Если же мое состояние улучшается, то я снова собираю всех, чтобы объяснить им, как героически я держался во время кризиса. В ответ на это близкие должны сказать, что я был великолепен, преодолевая все трудности болезни, а их охватывало отчаяние при мысли, что они близки к тому, чтобы потерять меня. В это время я люблю предупредить, что в период моего выздоровления все они должны быть постоянно, круглые сутки, у телефона и в полной готовности доставить мне (в двойном количестве) то, что мне больше всего нужно в данный момент - еду, питье, книги и журналы, шахматиста или шахматный компьютер. И конечно, Белого Медведя.
По контрасту со мной Белый Медведь, заболев, живет по другому сценарию. Он против любого, даже моего, внимания к его персоне. Он страдает не столько от болезни, сколько от этого внимания. Он хочет быть один, он хочет быть совершенно один.
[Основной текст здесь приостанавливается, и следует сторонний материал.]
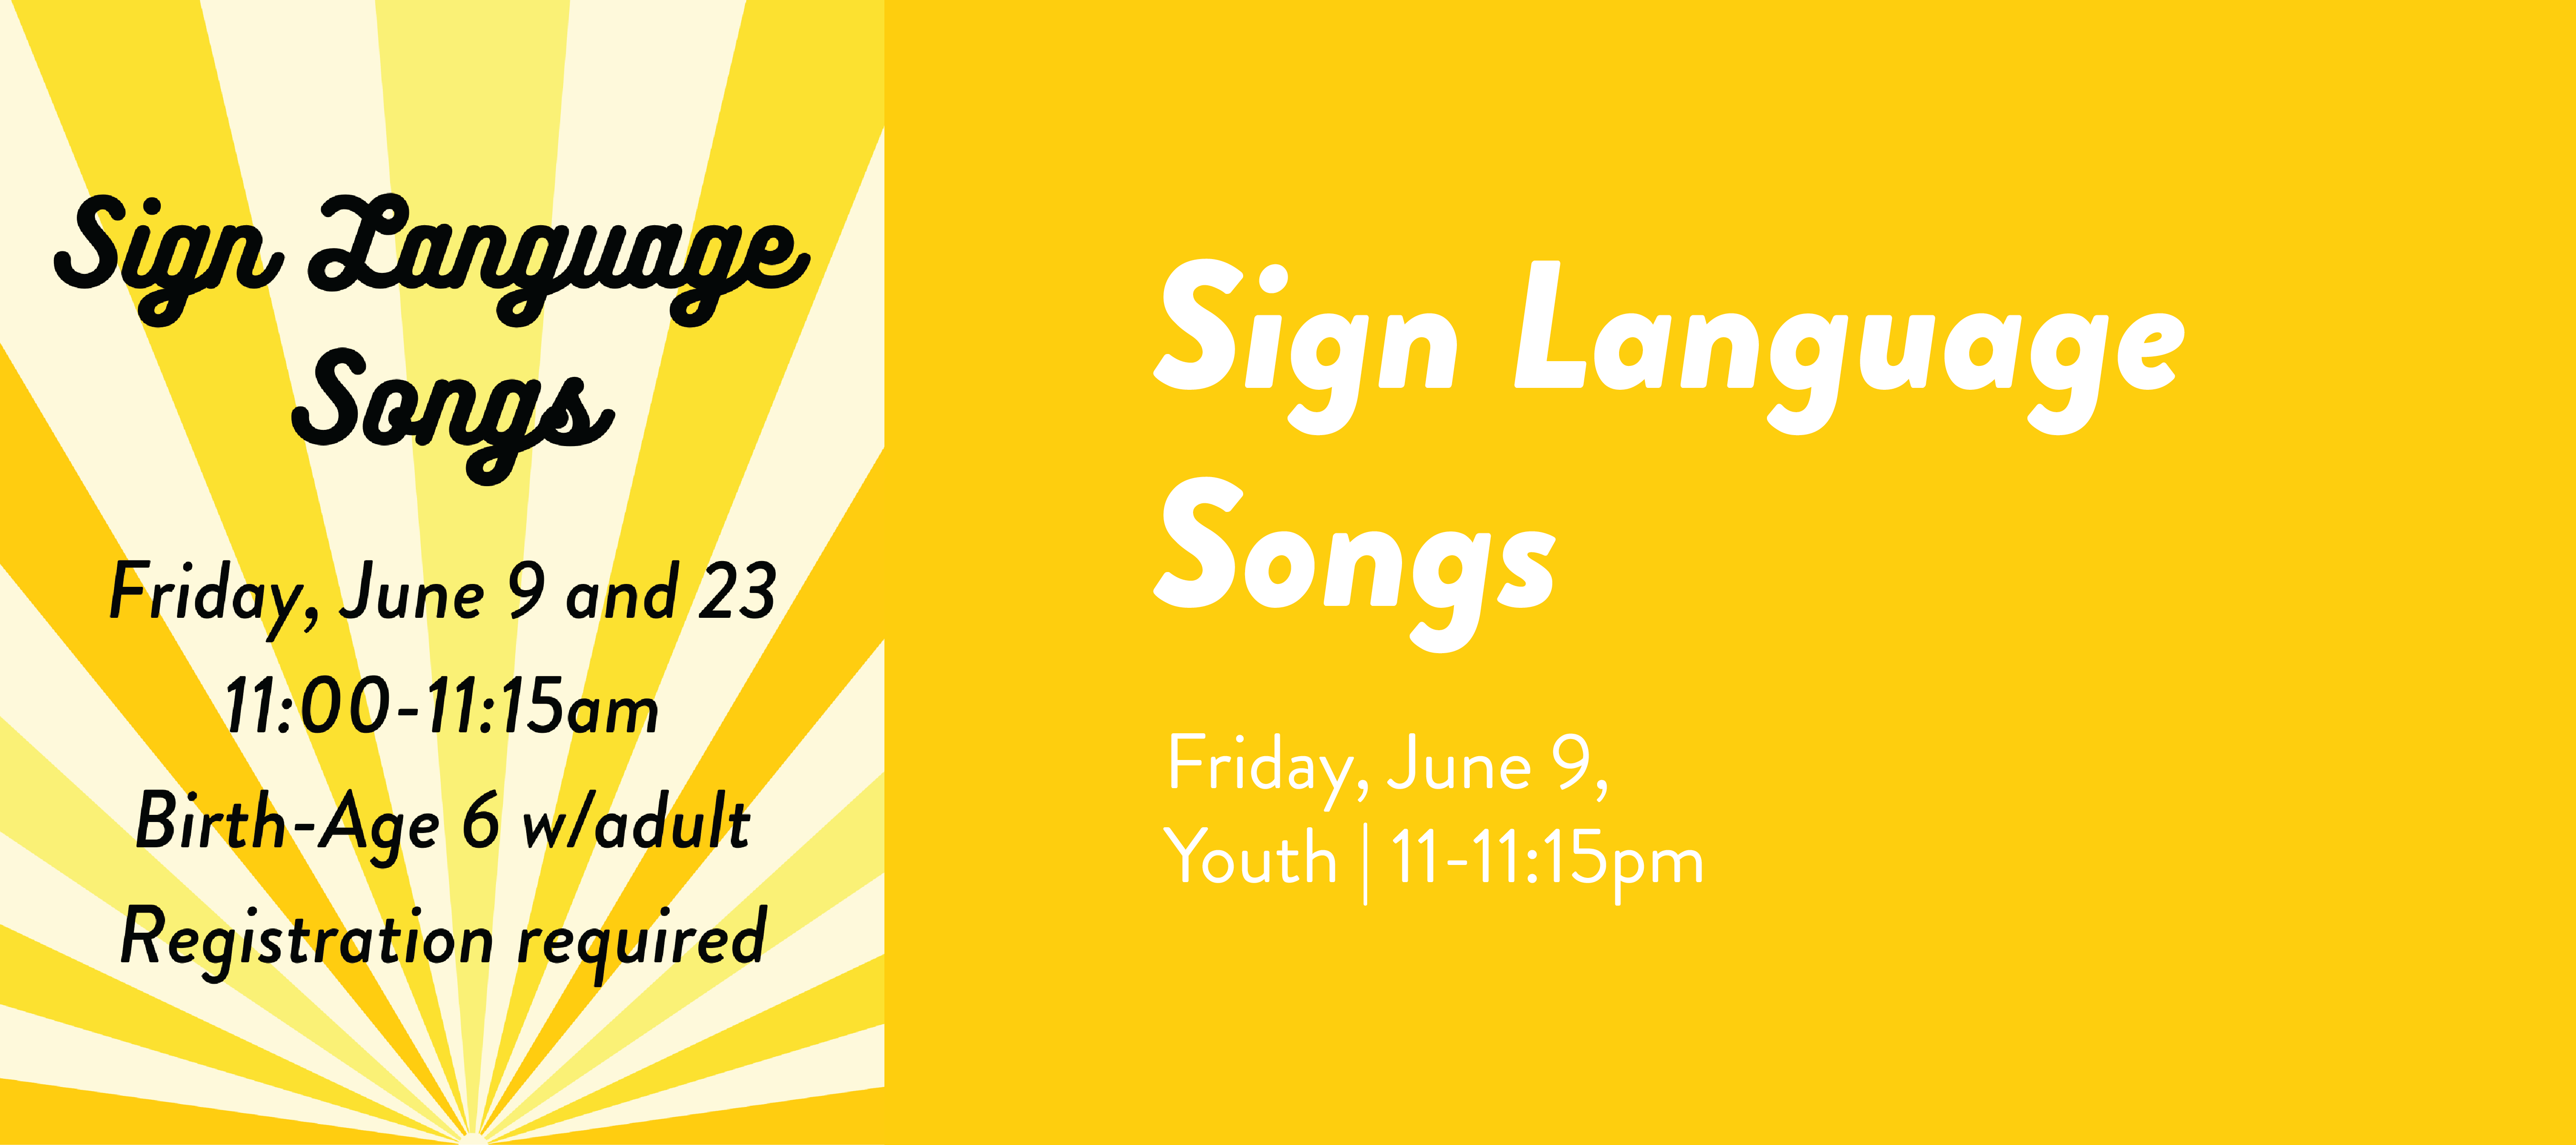 Sign Language Songs, prospect heights public library, prospect heights, public library,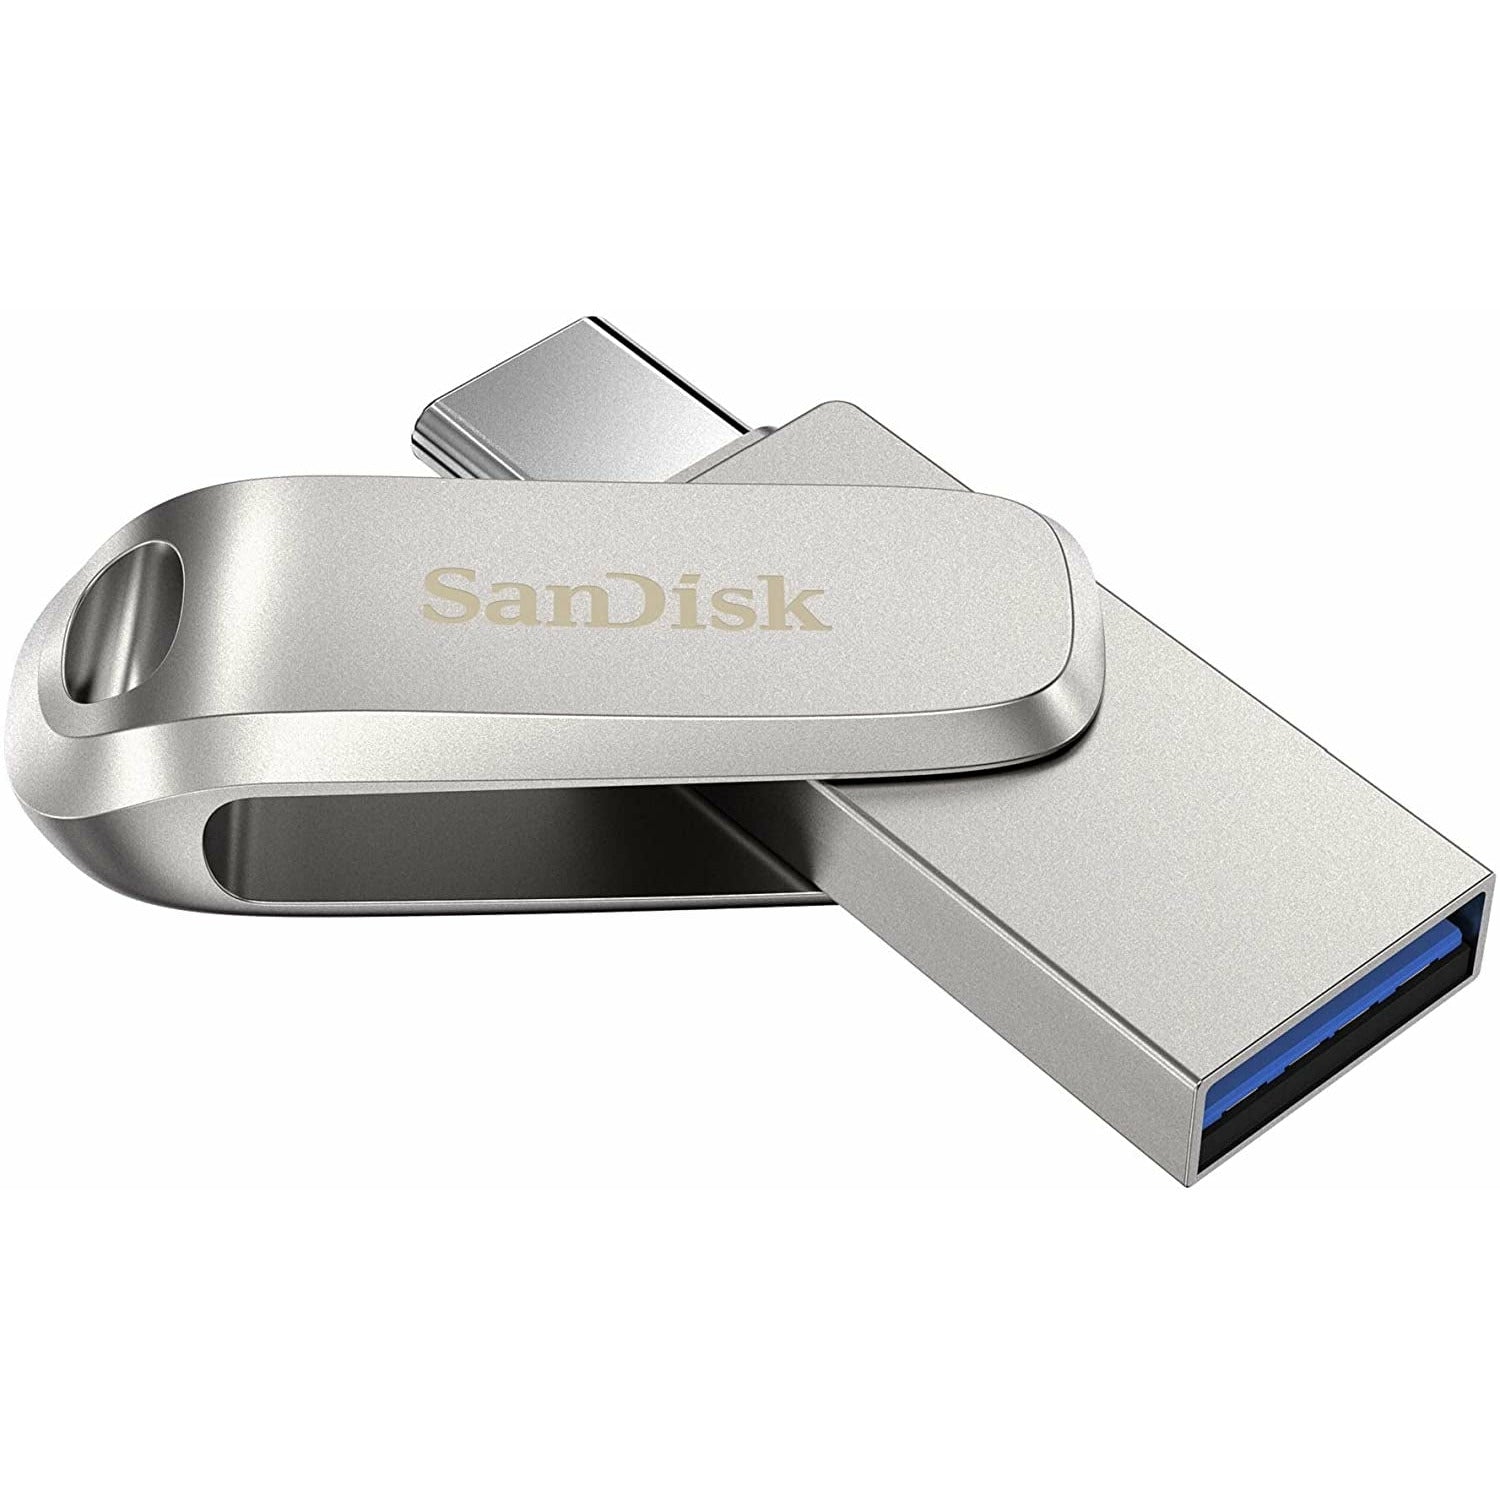 SANDISK 128G SDDDC4-128G-G46  Ultra Dual Drive Luxe USB3.1 Type-C (150MB) New

Нечего и говорить, что мне с самого начала это не нравилось. Его желание уединиться вызывало в памяти истории о кладбищах слонов и о животных, умирающих в одиночестве. От всего этого я хандрил, будучи уверен, что если немедленно чего-нибудь не сделаю, то все плохо кончится.
Чаще всего после осмотра ветеринара коту выписывали таблетки. Это было плохо. Это было настолько плохо, что следовало бы переписать предыдущий абзац, потому что для Белого Медведя таблетки были хуже, чем внимание к нему во время болезни.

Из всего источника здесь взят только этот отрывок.